All pinmuxing/drive strength etc. is controlled in the System Controller Unit, a dedicated M-Core running the System Controller Firmware (SCFW). Linux's IOMUXC driver has no direct access to IOMUXC registers but uses the SCU driver to communicate with its firmware (SCFW).
To configure a pin, a device tree node inside the pin controller node with the property fsl,pins is required. Integers need to be assigned to the property, each pin requires 3 integers. However, the first two are usually given by a #define (see include/dt-bindings/pinctrl/pads-imx8qm.h). With this define the SoC pin and its desired function is specified. In the example down below for example the pin FLEXCAN0_TX is muxed to the function DMA_FLEXCAN0_TX.
The third integer then defines the pin settings in hexadecimal notation. On the example below 0x21 means that Bit 0 and Bit 5 is set. Bit 0 sets high or low drive strength in this example with 1 meaning low drive strength. With Bit 6-5 the pull-up or pull-down behaviour is controlled with '01' meaning pull-up.
For a detailed description and table of possible pin-settings, look them up in the Reference Manual for the i.MX 8 family. At the time of writing this, the chapter for FLEXCAN0_TX pin settings was located at chapter 9.2.5.1.160.4
The possible muxings can be found in chapter 4 in the datasheet or with our Pinout Designer pinout.torizon.io.

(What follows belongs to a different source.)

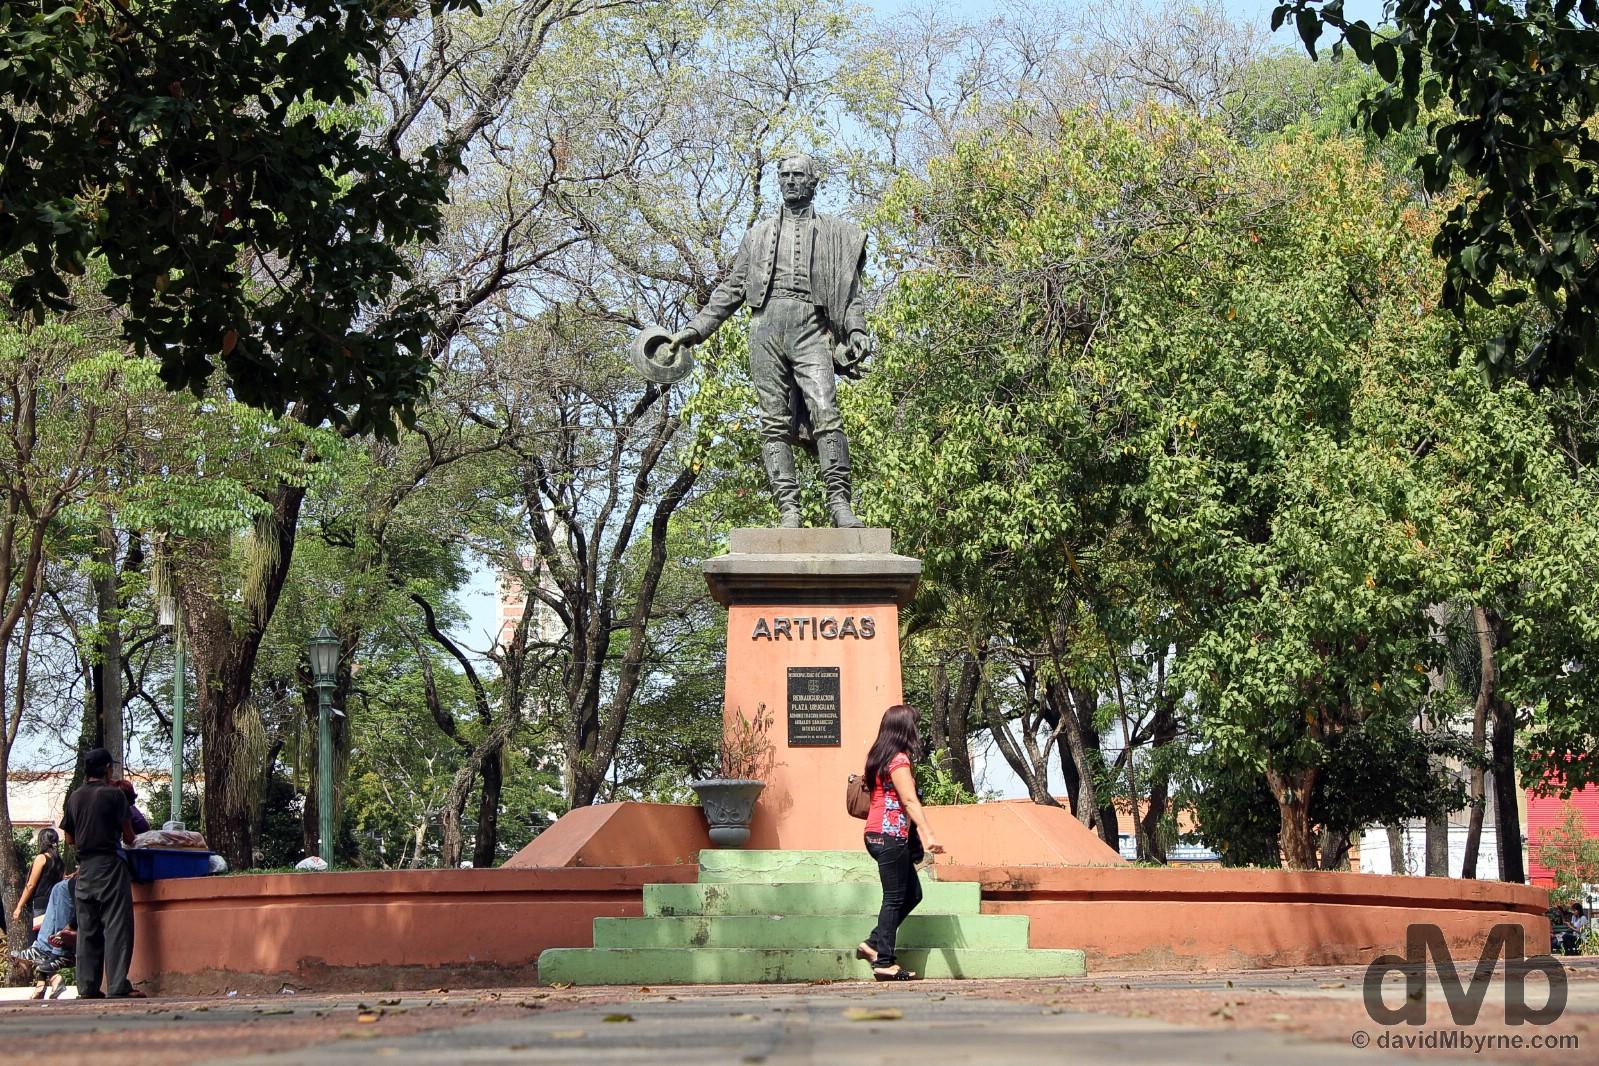 The Artigas statue Plaza Uruguaya, Asuncion, Paraguay. September 9, 2015.

The meaning of these bits depends on the pin and has to be looked up for every pin in the Reference Manual. Thus we can not give a table here.
&iomuxc {
...
apalis-imx8qm {
pinctrl_flexcan1: flexcan0grp {
fsl,pins = <
IMX8QM_FLEXCAN0_TX_DMA_FLEXCAN0_TX 0x21
IMX8QM_FLEXCAN0_RX_DMA_FLEXCAN0_RX 0x21
>;
};
};
...
};
i.MX 8X Based Modules
Pinmux (i.MX 8X Based modules)
The i.MX 8X SoC allows multiplexing pins through its Input/Output Multiplexer Controller (IOMUXD). Beside multiplexing pins, this controller allows setting pin configuration such as drive strength. The SoC level device trees define the driver node for this controller.
All pinmuxing/drive strength etc. is controlled in the System Controller Unit, a dedicated M-Core running the System Controller Firmware (SCFW). Linux's IOMUXC driver has no direct access to IOMUXC registers but uses the SCU driver to communicate with its firmware (SCFW).

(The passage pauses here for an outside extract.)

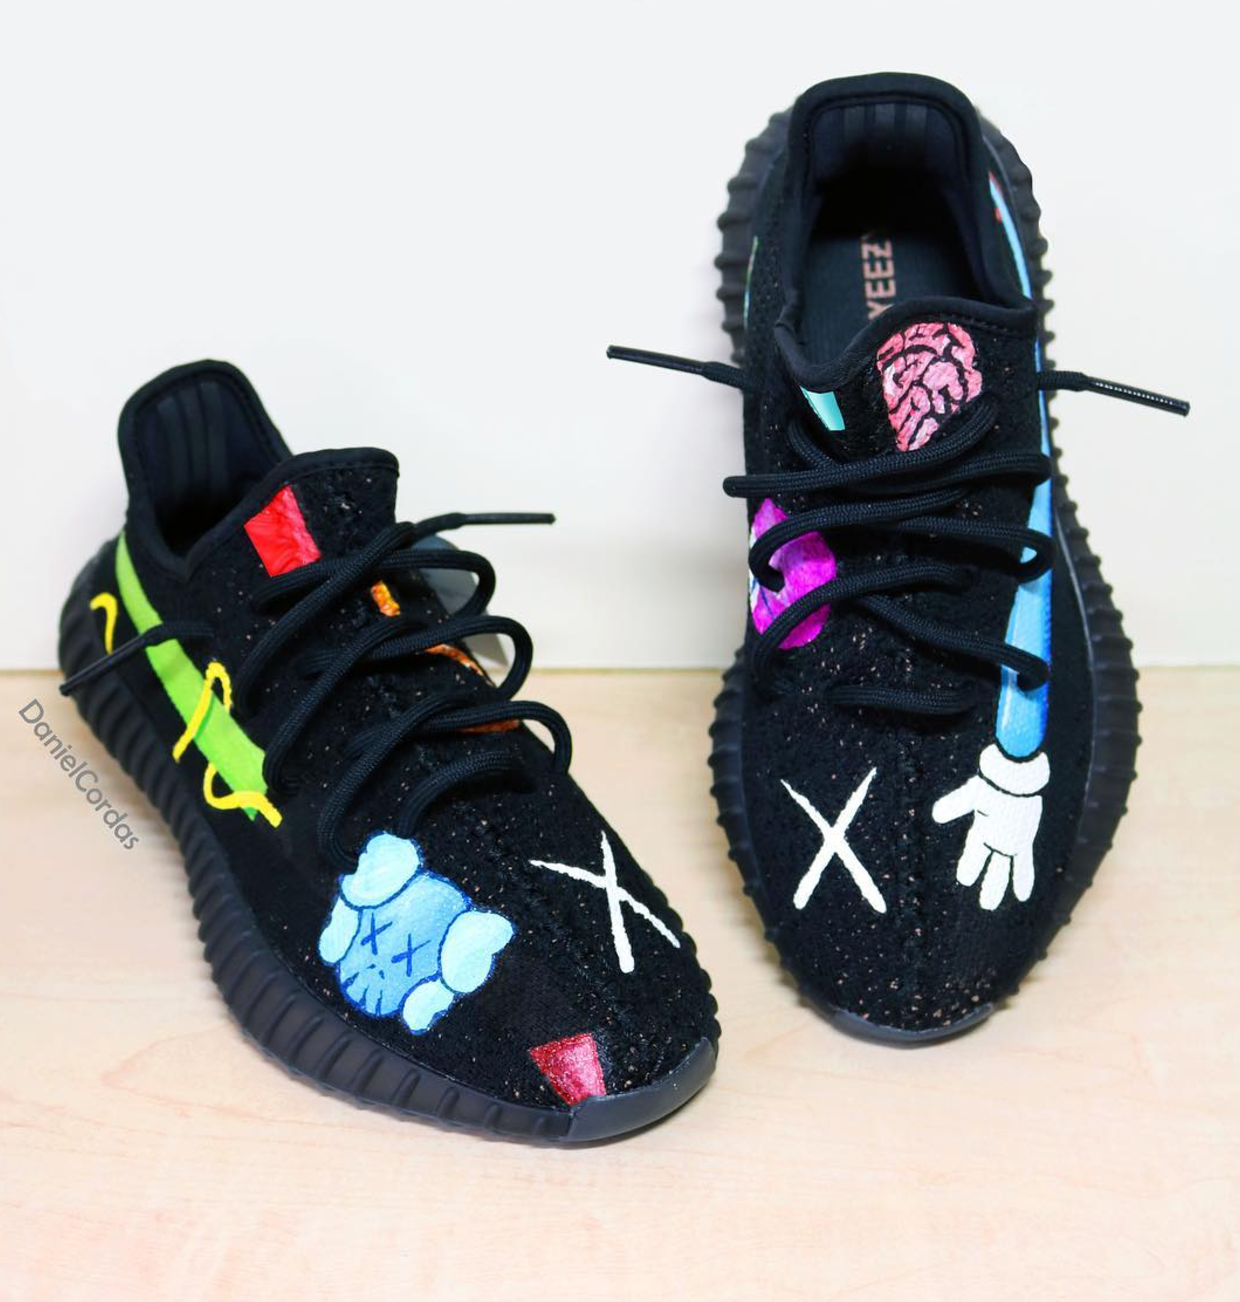 sports shoes 6531b 5da67 EU - Kaws x adidas Yeezy Boost 350 V2 Custom

To configure a pin, a device tree node inside the pin controller node with the property fsl,pins is required. Integers need to be assigned to the property, each pin requires 3 integers. However, the first two are usually given by a #define (see include/dt-bindings/pinctrl/pads-imx8qxp.h). With this define the SoC pin and its desired function is specified. In the example down below for example the pin FLEXCAN0_TX is muxed to the function DMA_FLEXCAN0_TX.
The third integer then defines the pin settings in hexadecimal notation. On the example below 0x21 means that Bit 0 and Bit 5 is set. Bit 0 sets high or low drive strength in this example with 1 meaning low drive strength. With Bit 6-5 the pull-up or pull-down behaviour is controlled with '01' meaning pull-up.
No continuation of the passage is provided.